Cavernous hemangiomas rarely involve the female genital tract. It is difficult to identify vascular malformations when these lesions are concealed in the vagina or deep vulva area. We present a rare case of vaginal cavernous hemangioma in a 30-year-old primiparous woman with an early severe postpartum hemorrhage (PPH) and delayed continuous bleeding from the episiotomy site. She was treated successfully with transarterial embolization of the left vaginal artery. To our knowledge, this is the first reported case of PPH caused by rupture of a vaginal hemangioma during vaginal delivery in English literature.


Cavernous hemangioma is a benign vascular tumor that develops with wide distribution in internal organs or on the skin. The incidence of cavernous hemangioma is different according to its original location. They are commonly located in the head and neck area; however, female genital tract hemangiomas are relatively rare. They are usually asymptomatic small lesions that are observed incidentally during routine gynecological examinations [1]. Hemangiomas can undergo spontaneous resolution. The treatment of hemangiomas may include intra-lesional glucocorticoid therapy, the use of interferon-α, laser therapy, and surgical excision. Complications, such as rapid growth and bleeding, have been reported in genital tract hemangiomas during pregnancy [2].
A 30-year-old primiparous woman suffered from severe hemorrhage immediately after episiotomy and complained about continuous vaginal bleeding from the episiotomy site after vaginal delivery.
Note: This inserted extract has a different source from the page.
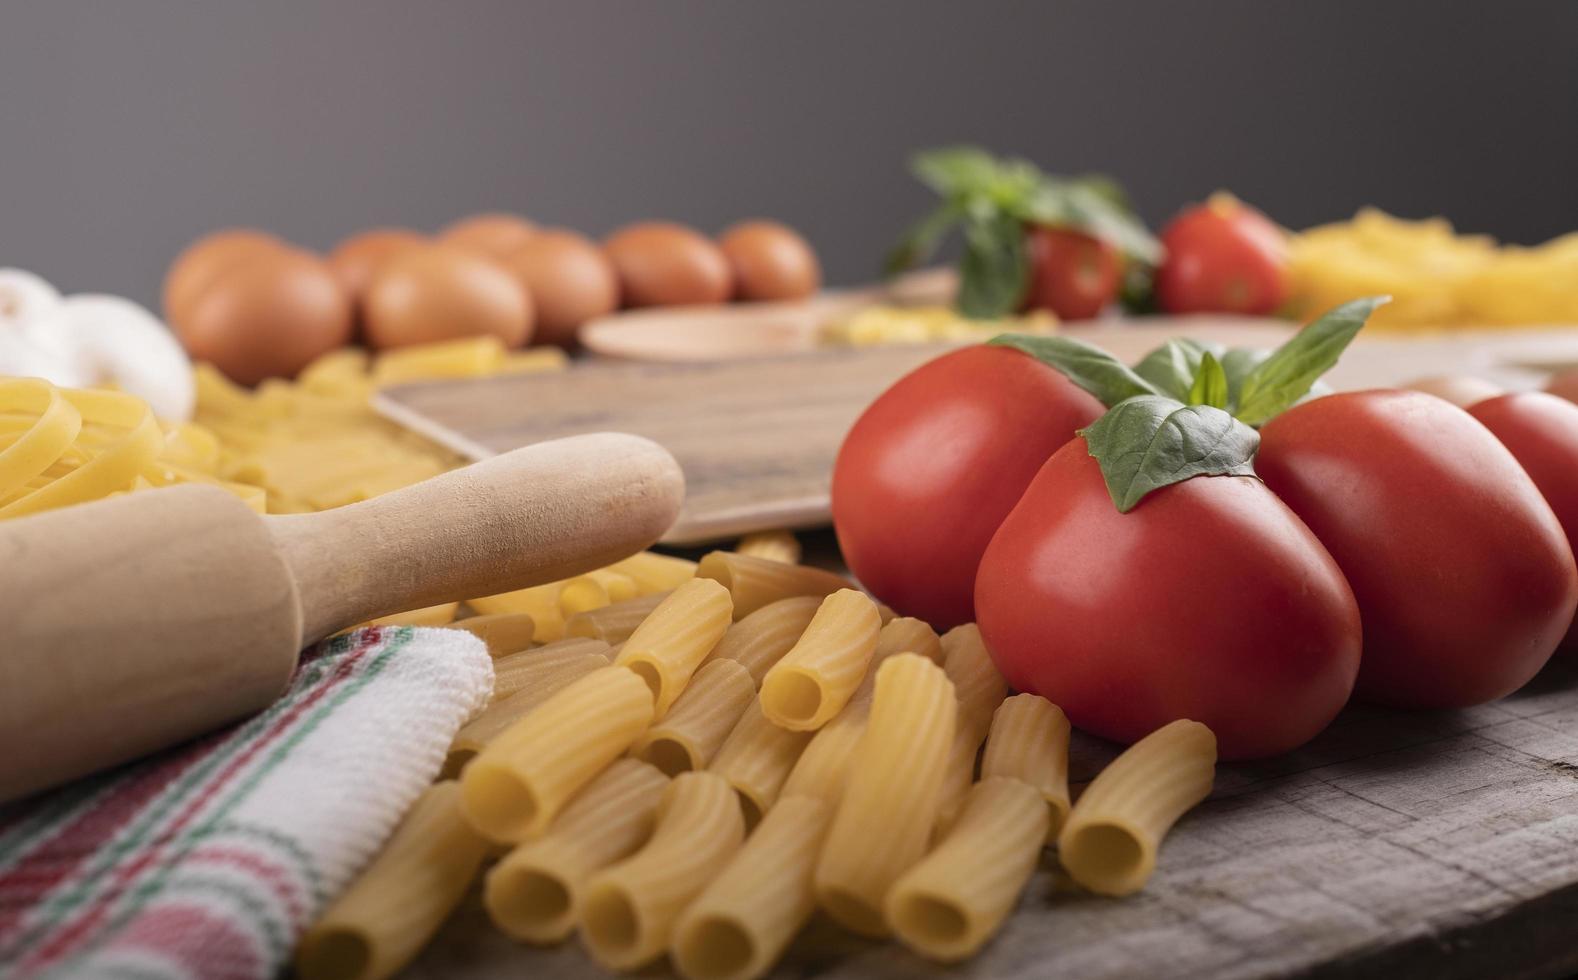 pasta, tomatoes and ingredients for italian restaurant with wooden kneader photo

When an undiagnosed hemangioma is located at the area where episiotomy is planned, unpredictable massive hemorrhage can occur. We describe a case of serious uncontrollable hemorrhage due to the rupture of an undiagnosed vaginal cavernous hemangioma, caused by an episiotomy incision during vaginal delivery. We also describe successful arterial embolization to treat intractable bleeding from vaginal hemangioma.

Case report

A 30-year-old primiparous woman was transferred to our obstetric unit for delayed postpartum hemorrhage (PPH). She underwent vaginal delivery 3 weeks ago at a local obstetric clinic and gave birth to a healthy baby weighing 3,500 g at 40 weeks of gestation. She had no past or familial, medical, or surgical history of the condition. Medical records from the local clinic described massive bleeding from the episiotomy site, and her blood pressure was 80/50 mmHg. Five units of packed red blood cell were transfused. The physicians experienced difficulty in controlling the bleeding from the episiotomy site for 3 hours. Also, multiple sutures were placed at the episiotomy wound but oozing continued at every stitch. The episiotomy was resutured 3 times. The vaginal wall was compressed with Vaseline roll gauze. Although she no longer had severe bleeding after these procedures, vaginal spotting continued if vaginal wall compression was not applied. Physical examination revealed that the posterior and left sides of the vaginal wall were bulgy and bluish, and a small amount of bleeding continued from the median episiotomy suture site 3 cm above the hymen. There was no laceration on the cervix and vagina except for the episiotomy wound. The uterus was firmly palpated, and its cavity was clean on transabdominal ultrasonography. Her vital signs were stable. Her hemoglobin level was 10.5 g/dL. The other laboratory results, including the tests for liver function, electrolytes, urinalysis, C-reactive protein, and coagulation profiles, were normal.
She received fluid therapy with intravenous hemostatic agents, and the vaginal wall was compressed again with a Vaseline gauze. On hospital day 3, vaginal bleeding continued, and we resutured and electrocauterized the episiotomy and applied various local hemostatic agents (Tachosil®, Takeda, Osaka, Japan; Cutanplast Sponge Standard®, Mascia Brunelli, Milano, Italy) on the bleeding point. The vaginal bleeding decreased significantly after the procedure, and the patient was discharged with antibiotics on postoperative day 3.
She revisited our obstetric unit for evaluation of the episiotomy condition 2 weeks later. Contrary to our expectation, she still had vaginal spotting on a coin-sized elevated raw surface of the posterior vaginal wall. She recalled she had clitoromegaly and was diagnosed with clitoral hemangioma treated by clitoral wedge resection 12 years ago. During the prenatal period, she unintentionally did not mention the hemangioma to her doctor. We supposed that the bluish bulged vaginal lesion was related to the previous clitoral hemangioma. We recommended pelvic magnetic resonance imaging (MRI) for detection of a concealed hemangioma in the vagina and performed deep punch biopsy in the upper episiotomy site of the vaginal wall. Acute bleeding from the biopsy site was controlled by compression with a Vaseline gauze and the patient was promptly referred to a radiologist for vascular intervention as planned. Pelvic MRI revealed a 7.8-cm hemangioma with a long axis in the left vaginal area (Fig. 1A). Pathologically, cavernous hemangioma was confirmed by the large dilated vessels lined by flattened endothelium. Many blood vessels were filled with red blood cells agglomerated together (Fig. 1B). After superselection of the left vaginal artery, transarterial embolization (TAE) with Gelfoam was performed. (Fig. 2). Vaginal bleeding finally stopped on postembolization day 3, and she was discharged without acute complications. After 1 month, she was doing well, and vaginal bleeding had not recurred.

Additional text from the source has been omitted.